The overall effect on standardized vocabulary was close to zero, and the moderator analysis of training duration was not significant for this outcome.

Results for research question 3: Is there a relation between gains in trained words and in standardized measures?

We conducted a meta-regression analysis to examine whether standardized vocabulary skills could be mediated by trained vocabulary skills. The results showed that trained vocabulary was not a significant predictor of standardized vocabulary skills (β = 0.04, R² = 0.00, k = 17).

Results for research question 4: Is this relation stronger for expressive standardized tests than for receptive ones? Figure 3 shows the 10 reported expressive standardized tests. The results indicated a small mean effect size, g = 0.131, 95% CI = [0.03, 0.23], p = 0.01 for these studies.
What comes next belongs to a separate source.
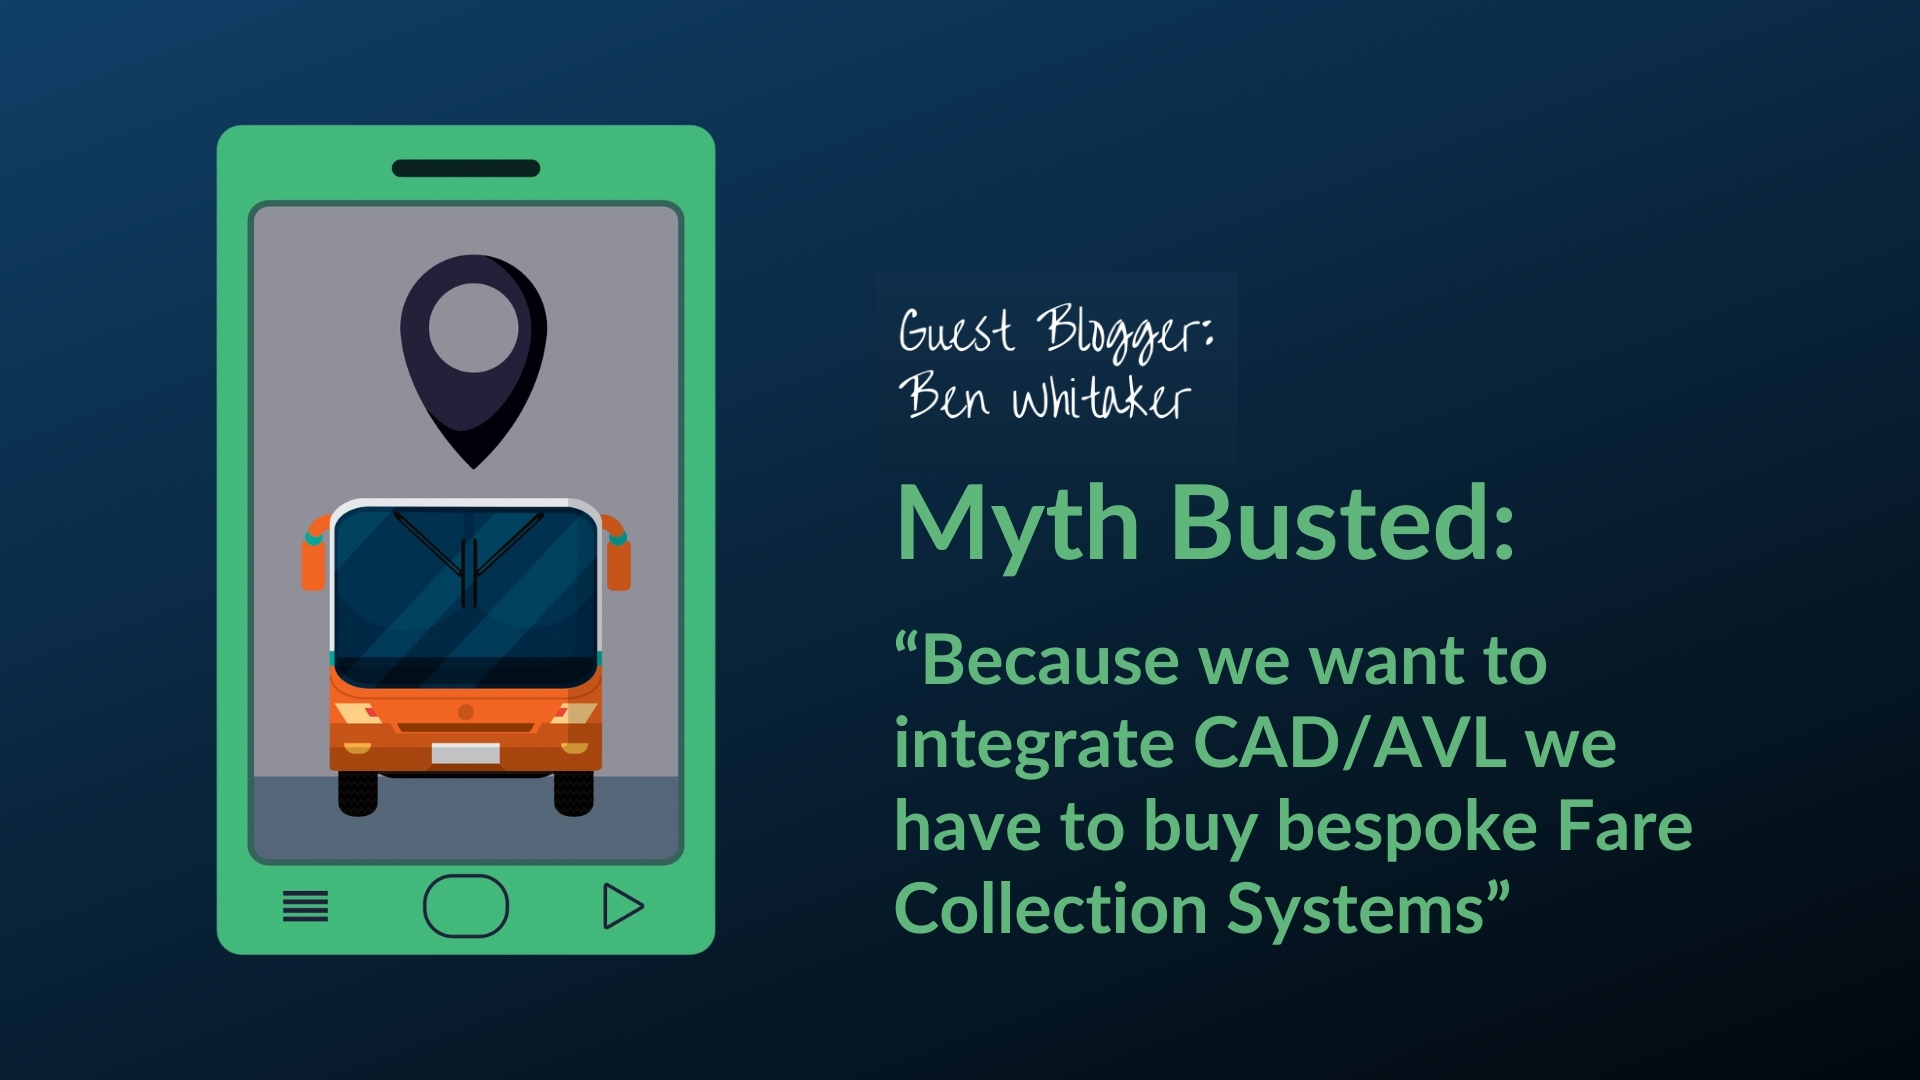 Myth Busted “Because we want to integrate CADAVL we have to buy bespoke Fare Collection Systems” (5)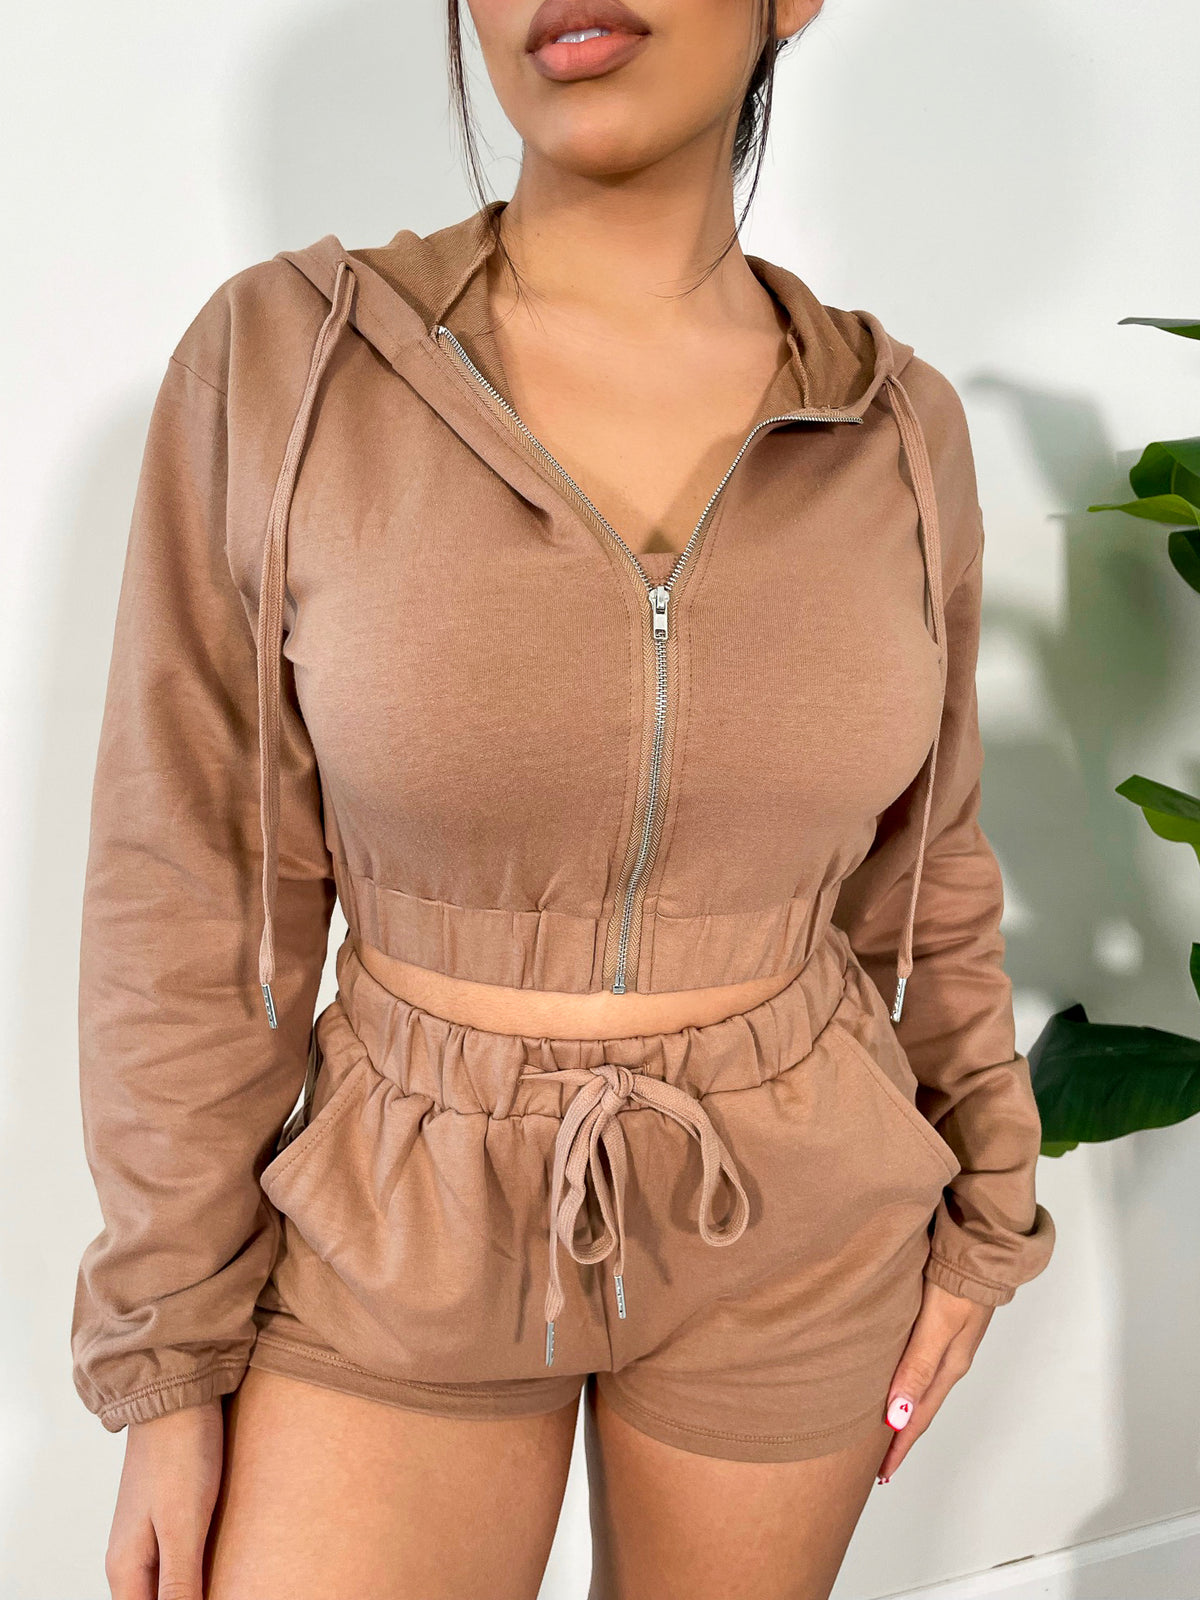 mocha 3 piece, high waist shorts with drawstring, bandeau top, cropped zip up sweater

The heterogeneity among the studies was not significant, Q(9) = 8.998, p = 0.44, I² = 0.00, T² = 0.00. All eight studies that reported receptive standardized tests (Figure 4) showed a small mean effect size, g = 0.138, 95% CI = [0.03, 0.25], p = 0.02. The heterogeneity among the studies was not significant, Q(7) = 3.862, p = 0.80, I² = 0.00, T² = 0.00.

Figure 3. Effect of vocabulary instruction on standardised expressive vocabulary outcomes.

Two meta-regression analyses were conducted to examine whether standardized expressive or receptive vocabulary skills could be mediated by trained vocabulary skills. The results showed that trained vocabulary predicted neither standardized expressive vocabulary skills (β = 0.11, R² = 0.00, k = 10) nor standardized receptive vocabulary skills (β = -0.001, R² = 0.00, k = 8).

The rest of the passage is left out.